文章目录
- 1.累计计算窗口函数
- 1).sum(...)over(...)
- 2).avg(...) over(...)
- 3.语法总结:
- 2.分区排序窗口函数:
- row_number() over(partition by ...A...order by...B...) 1,2,3,4
- rank() over(partition by ...A...order by...B...) 1,2,2,4
- dense_rank() over(partition by ...A...order by...B...) 1,2,2,3
- 3.分组排序窗口函数
- ntile(n) over(......)
- 4.偏移分析窗口函数
- lag(...)over(...),lead(...)over(...)
1、掌握sum(),avg()用于累计计算的窗口函数;
2、掌握row_number(),rank()用于排序的窗口函数;
3、掌握ntile()用于分组查询的窗口函数;
4、掌握lag(),lead()偏移分析窗口函数
1.累计计算窗口函数
1).sum(…)over(…)
求截止某月的数值
user_trade列名 | 举例 |
user_name | Amy,Dennis |
piece | 购买数量 |
pay_amount | 支付金额 |
goods_category | food,clothes,book,computer,electronics,shoes |
pay_time | 132265412,时间戳 |
dt | partition,‘yyyy-mm-dd’ |
求2018年每月的支付总额和当年累计支付总额
select a.month,
a.pay_amount,
sum(a.pay_amount) over(order by a.month)
from
(select month(dt) month,
sum(pay_amount) pay_amount
from user_trade
where year(dt)=2018
group by month(dt))a;
2017-2018年每月的支付总额和当年累积支付总额(如果用上面的方式会把之前月份的都汇总,无法实现)
select a.year,
a.month,
a.pay_amount,
sum(a.pay_amount) over(partition by a.year order by a.month) -- over:指定累计计算的条件,这里须正确分组
from
(select year(dt) year,
month(dt) month,
sum(pay_amount) pay_amount
from user_trade
where year(dt) in (2017,2018)
group by year(dt),
month(dt))a;
注:
1.partition by 起到分组的作用;
2.order by按照什么顺序进行累加,升序ASC,降序DESC,默认升序
3.常见错误:分组没有限制正确(partition by 后多加了a.month)
2).avg(…) over(…)
2018年每个月的近三个月移动平均支付金额
select a.month,
a.pay_amount,
avg(a.pay_amount) over(order by a.month rows between 2 preceding and current row)
from
(select month(dt)month,
sum(pay_amount)pay_amount
from user_trade
where year(dt)=2018
group by month(dt))a;
说明:我们用rows between 2 preceding and current row来限制计算移动平均的平均范围,本语句含义是包含本行及前两行,这个就是我们题目中要求的近三月的写法
3.语法总结:
sum(…A…) over(partition by …B… order by…C…rows between…D1…and…D2…)

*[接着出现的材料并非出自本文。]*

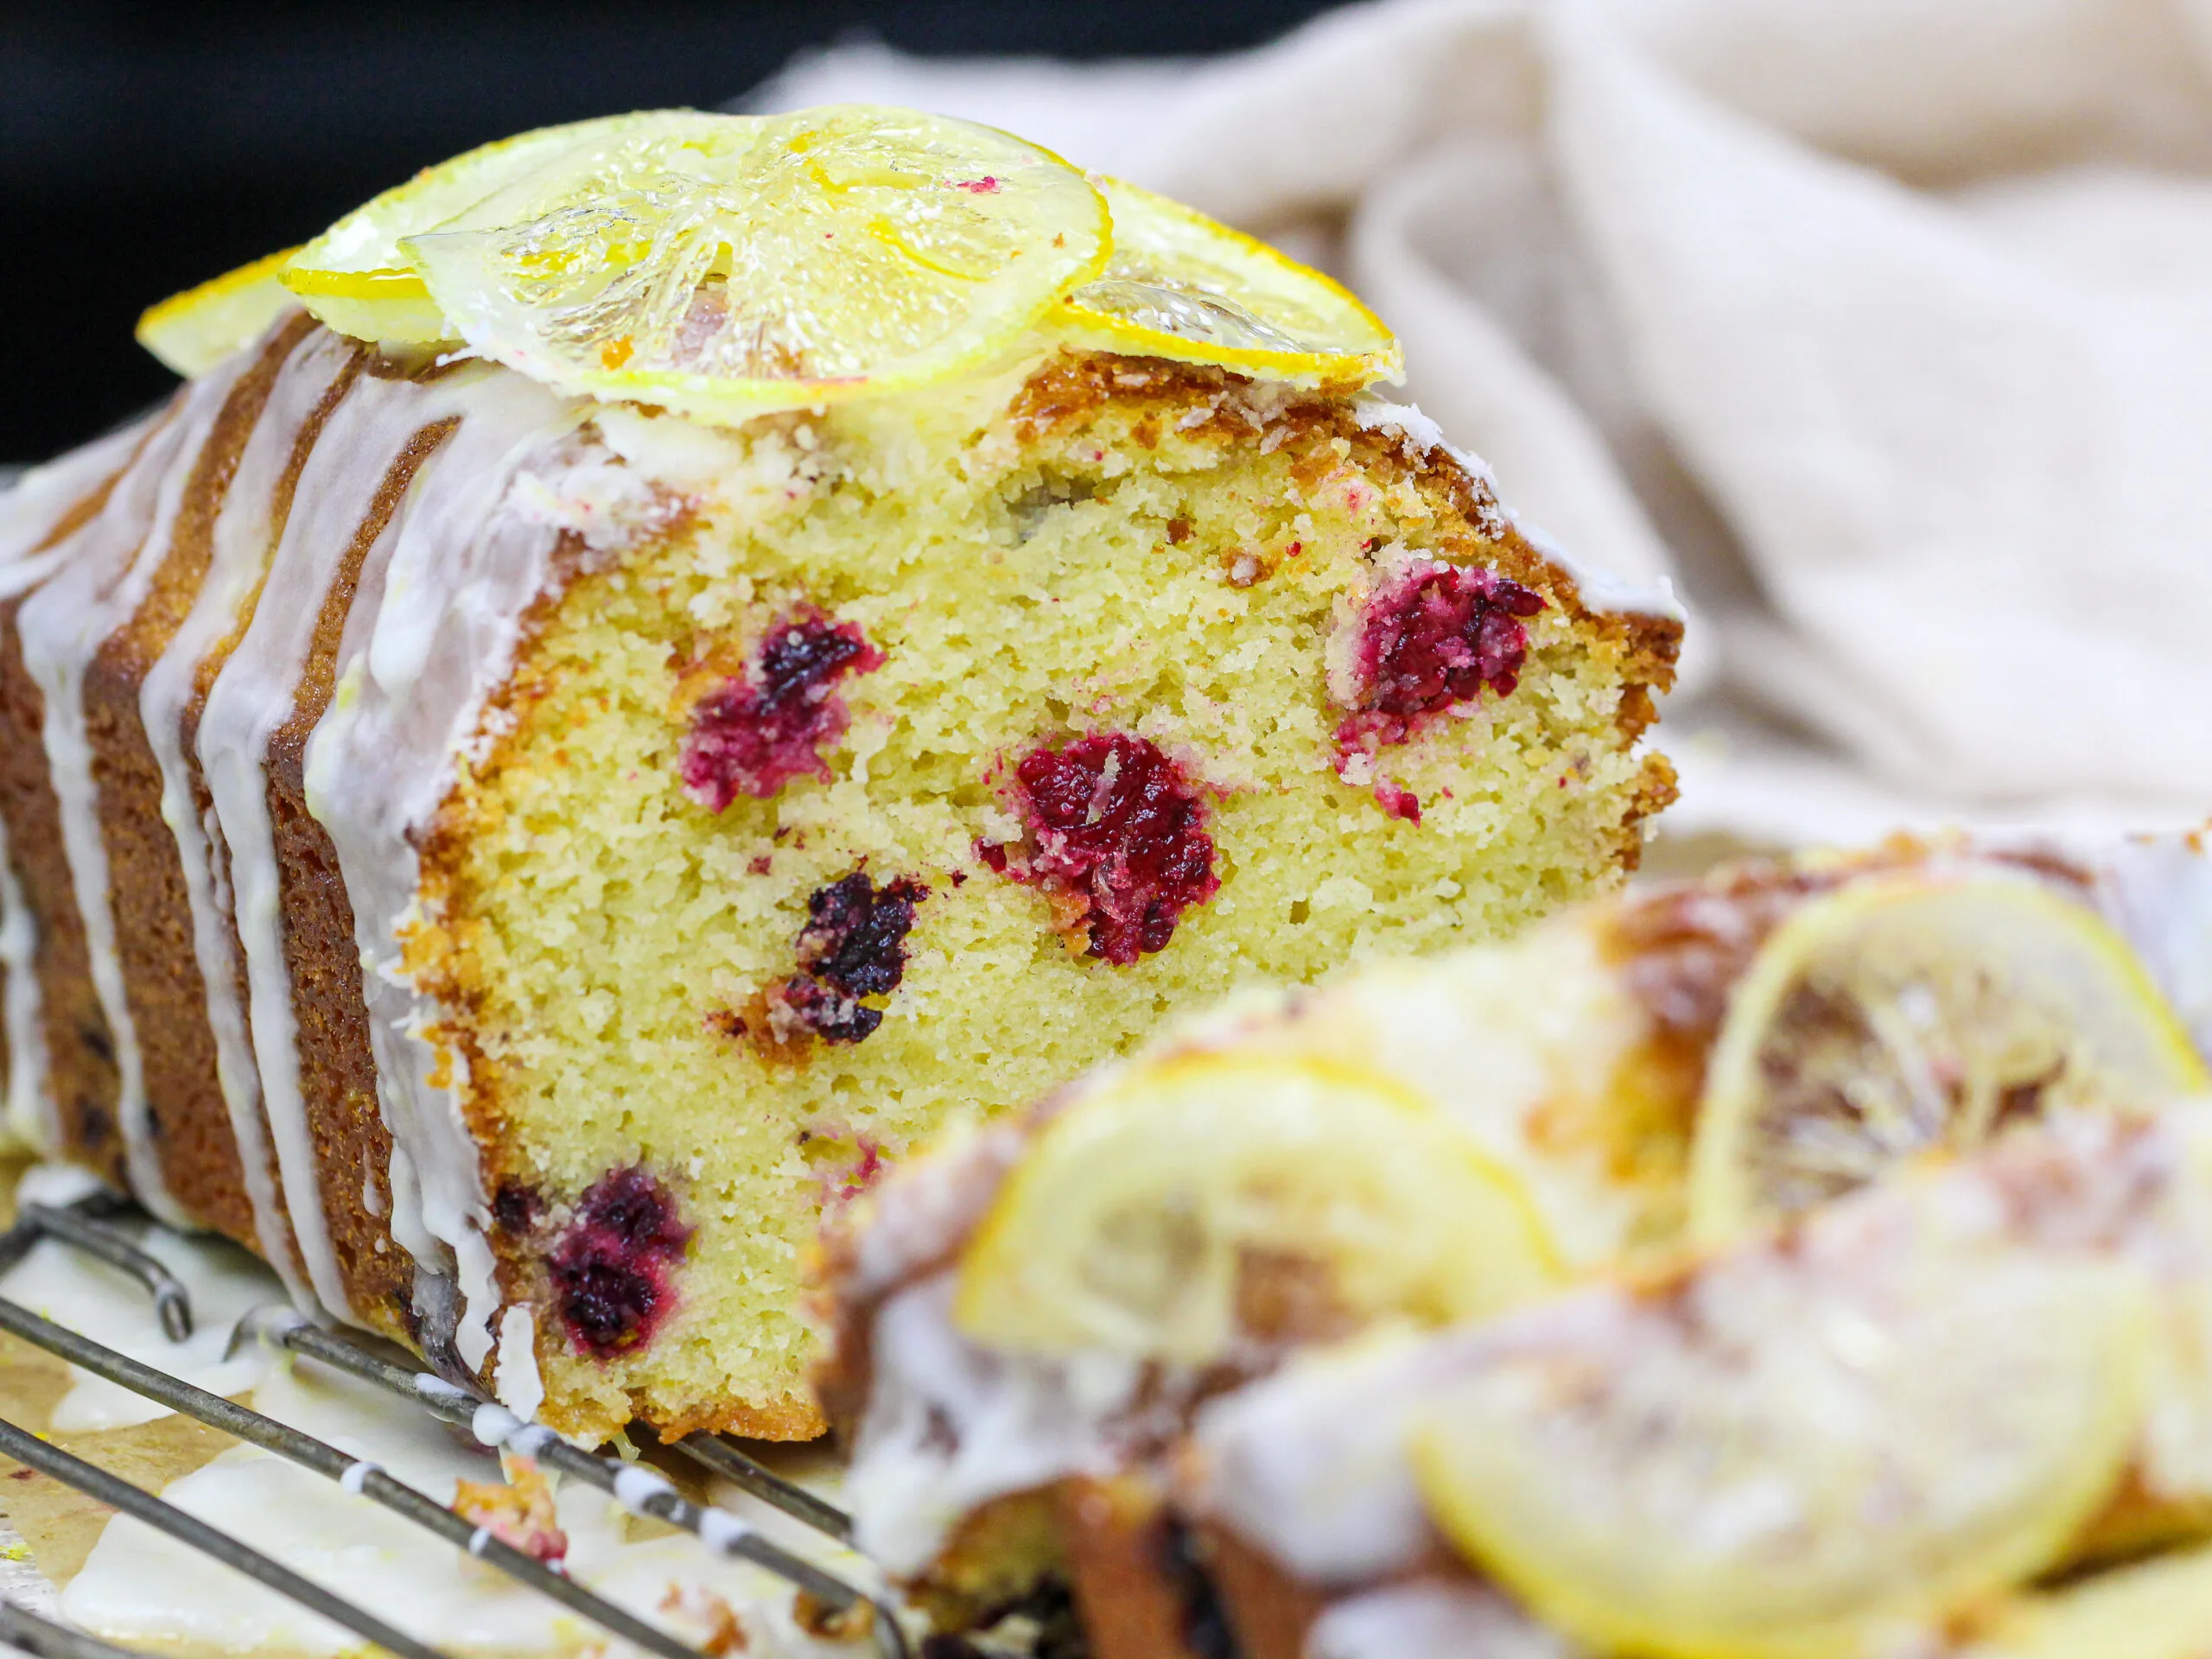 image of a sliced blackberry lemon bread drizzled with lemon glaze and topped with candied lemons

avg(…A…) over(partition by …B… order by…C…rows between…D1…and…D2…)
A:需要被加工的字段名称
B:分组的字段名称
C:排序的字段名称
D:计算的行数范围
rows between unbounded preceding and current row–包括本行和之前所有的行
rows between current row and unbounded following–包括本行和之后所有的行
rows between 3 preceding and current row --包括本行以内和前三行
rows between 3 preceding and 1 following–从前三行到下一行(5行)
拓展:
max(…) over(partition by …order by … rows between… and…)

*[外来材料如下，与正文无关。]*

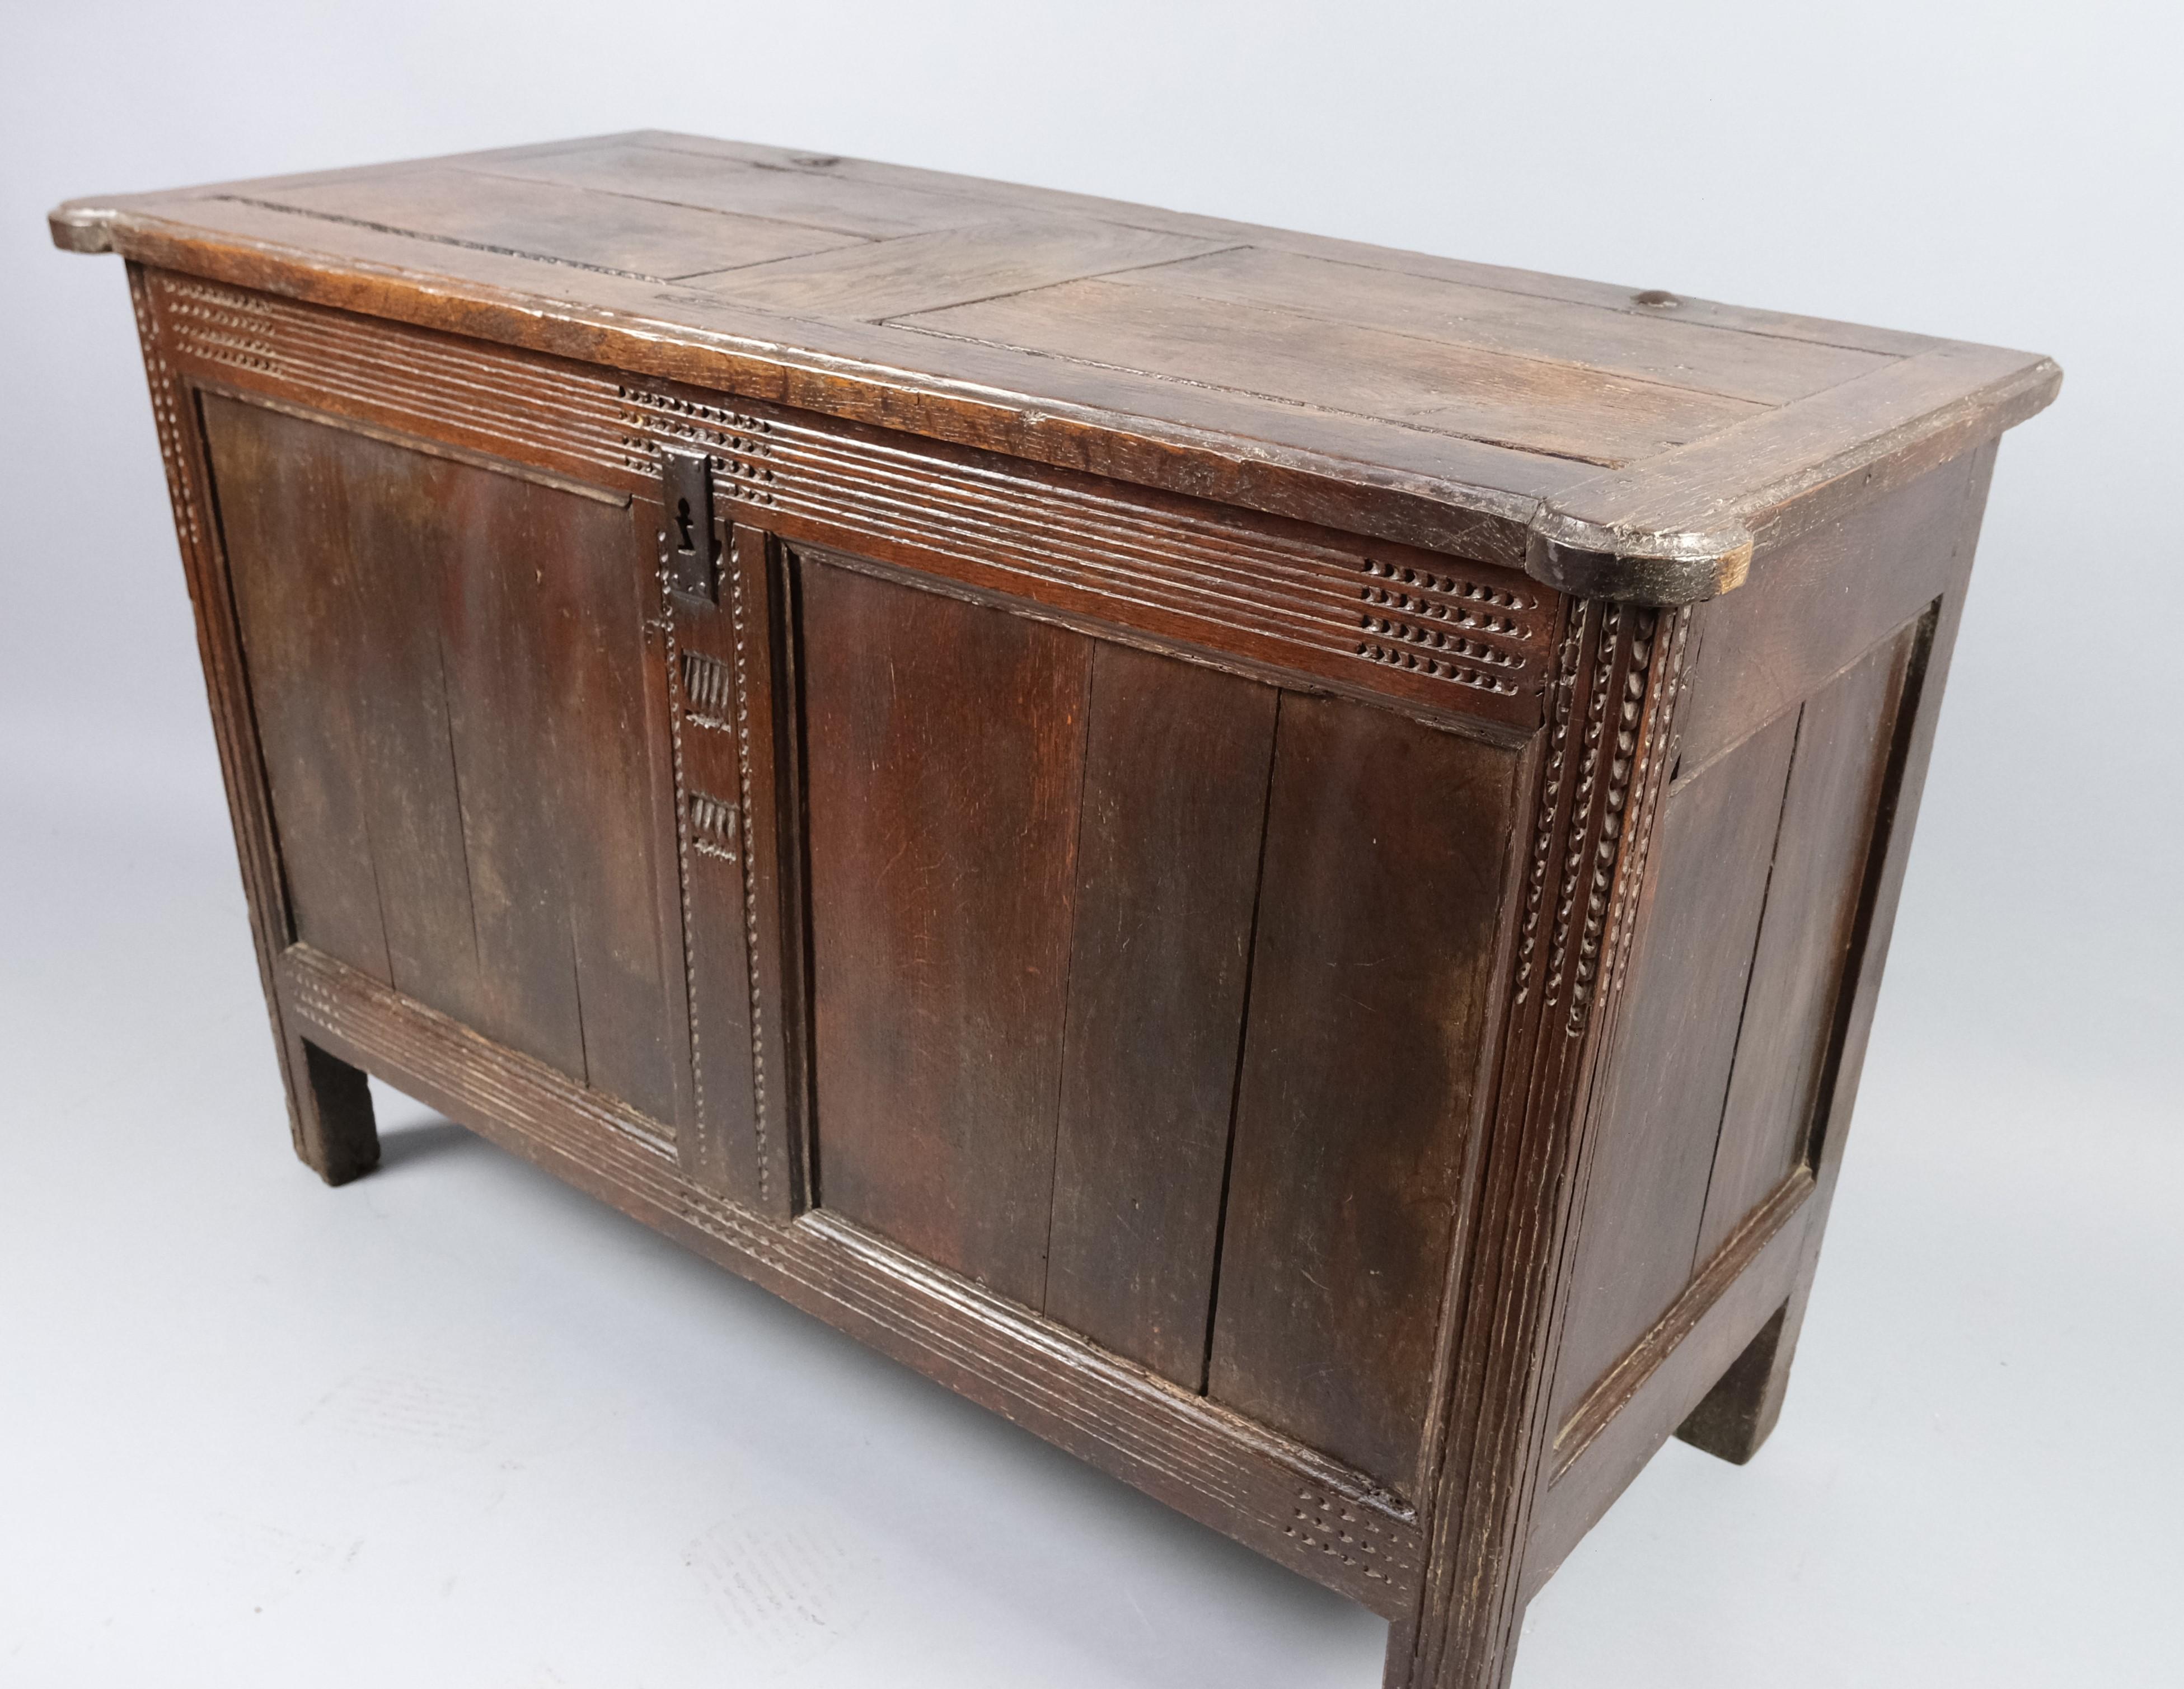 Hutton-Clarke Antiques takes pride in presenting an exquisite French antique oak coffer, dating back to approximately 1750. This charming piece is attributed to the Caen region of France and stands as a testament to the craftsmanship of its time.

min(…) over(partition by …order by … rows between… and…)
2.分区排序窗口函数:
这三个函数的作用都是返回相应规则的排序序号
row_number() over(partition by …A…order by…B…) 1,2,3,4
rank() over(partition by …A…order by…B…) 1,2,2,4
dense_rank() over(partition by …A…order by…B…) 1,2,2,3
2019年1月,用户购买商品品类数量的排名
select user_name,
count(distinct goods_category),
row_number() over(order by count(distinct goods_category)),
rank() over(order by count(distinct goods_category)),
dense_rank() over(order by count(distinct goods_category))
from user_trade
where substr(dt,1,7)='2019-01'
group by user_name;
选择2019年支付金额排名在第10,20,30名的用户:
select a.user_name,
a.pay_amount,
a.rank
from
(select user_name,
sum(pay_amount)pay_amount,
rank() over(order by sum(pay_amount)desc)rank
from user_trade
where year(dt)=2019
group by user_name)a
where a.rank in (10,20,30);
3.分组排序窗口函数
ntile(n) over(…)
ntile(n) over(partition by…A…order by…B…)
n:切分的片数
A:分组的字段名称
B:排序的字段名称
ntile(n),用于将分组数据按照顺序切分成n片,返回当前切片值
ntile不支持row between,比如ntile(2) over(partition by …order by…rows between 3 preceding and current row)
如果切片不均匀,默认增加第一个切片的分布
将2019年1月份支付用户,按照支付金额分成5组:
select user_name,
sum(pay_amount)pay_amount,
ntile(5) over(order by sum(pay_amount) desc)level
from user_trade
where substr(dt,1,7)='2019-01'
group by user_name;
选出2019年退款金额排名前10%的用户:
user_refund列名 | 举例 |
user_name | Amy,Dennis |
refund_piece | 退款件数 |
refund_amount | 退款金额 |
refund_time | 134854654,时间戳 |
dt | partition,‘yyyy-mm-dd’ |
select a.user_name,
a.refund_amount,
a.level
from
(select user_name,
sum(refund_amount)refund_amount,
ntile(10) over(order by sum(refund_amount)desc)level
from user_refund
where year(dt)=2019
group by user_name)a
where a.level=1;
4.偏移分析窗口函数
lag(…)over(…),lead(…)over(…)
lag和lead分析函数可以在通一次查询中取出同一字段的前N行的数据(lag)和后N行的数据(lead)作为独立的列。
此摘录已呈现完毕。